Приземистый, тяжеловесный храм был слегка похож на классические образцы, но именно что похож. Ему недоставало той ажурной легкости, устремленной к небу, что получалась у более поздних греков. Да и крошечный он, едва ли метров на сто квадратных, если вычесть колоннаду. Потому-то и управились так быстро. Сотни людей трудились здесь бесплатно, приходя известку мешать и таскать камень, оставив мастерам лишь тонкую работу. Они хотели прикоснуться к великому, вкусив божественной благодати.

И вроде бы ничего особенного, а с другой стороны, тут и такого ни у кого нет, а потому стоявший рядом со мной Анхер раздувался от гордости и имел на это полное право. Это он привнес в архитектуру святилища египетские мотивы, сделав здание чуть более основательным и кряжистым, чем мне бы хотелось. Нет, храм по-своему даже красив. Он, вынесенный на каменный язык узкого мыса, обнимающего гавань, внушает немалый трепет. Храм прекрасно виден с моря. Это ведь дом бога. Сам Посейдон-Поседао живет здесь. Тот, кто не верит, может пришвартоваться в порту, заплатить пошлину, расторговаться на рынке, потому что без сифносской монеты здесь делать нечего, а потом зайти в храм и убедиться в этом лично.

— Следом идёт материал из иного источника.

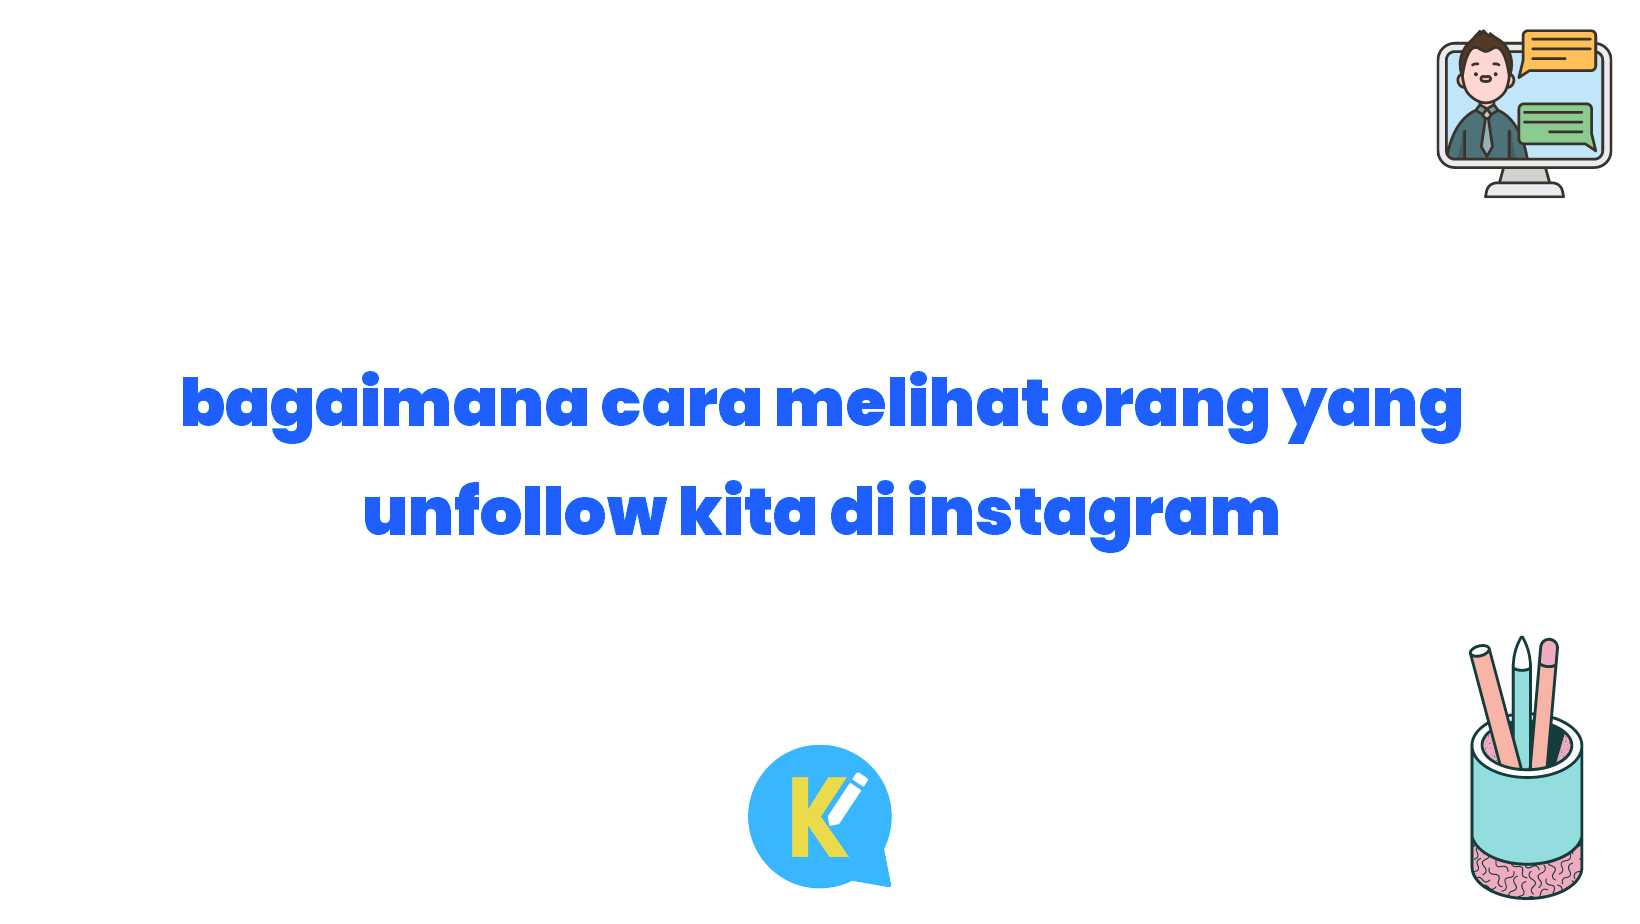 bagaimana cara melihat orang yang unfollow kita di instagram

Бог моря сидит в огромном кресле, с трезубцем в руке, и смотрит на ничтожного просителя ярко-голубыми глазами, сделанными из афганского лазурита. Глаза получились пронзительные и жуткие, великолепно сочетающиеся с устрашающим выражением лица. Очень знакомого лица, кстати. М-да… Даже меня пробрало, если честно, а что уж говорить про местных, испокон веков поклоняющихся ручьям, деревьям и камням особенно затейливой формы. Такая персонификация божества здесь в новинку, ведь ни на островах, ни в материковой Греции храмов нет. И жрецов нет. Не по карману нашей чахлой экономике содержать дармоедов, и по совместительству конкурентов за власть над умами. Богам тут молятся у каменных жертвенников, а жрецами считаются цари. И даже у жертвы предусмотрительно вырезается только бедро, а остальное съедается. Люди считают, что богу этого достаточно. Рачительный подход, ничего не скажешь.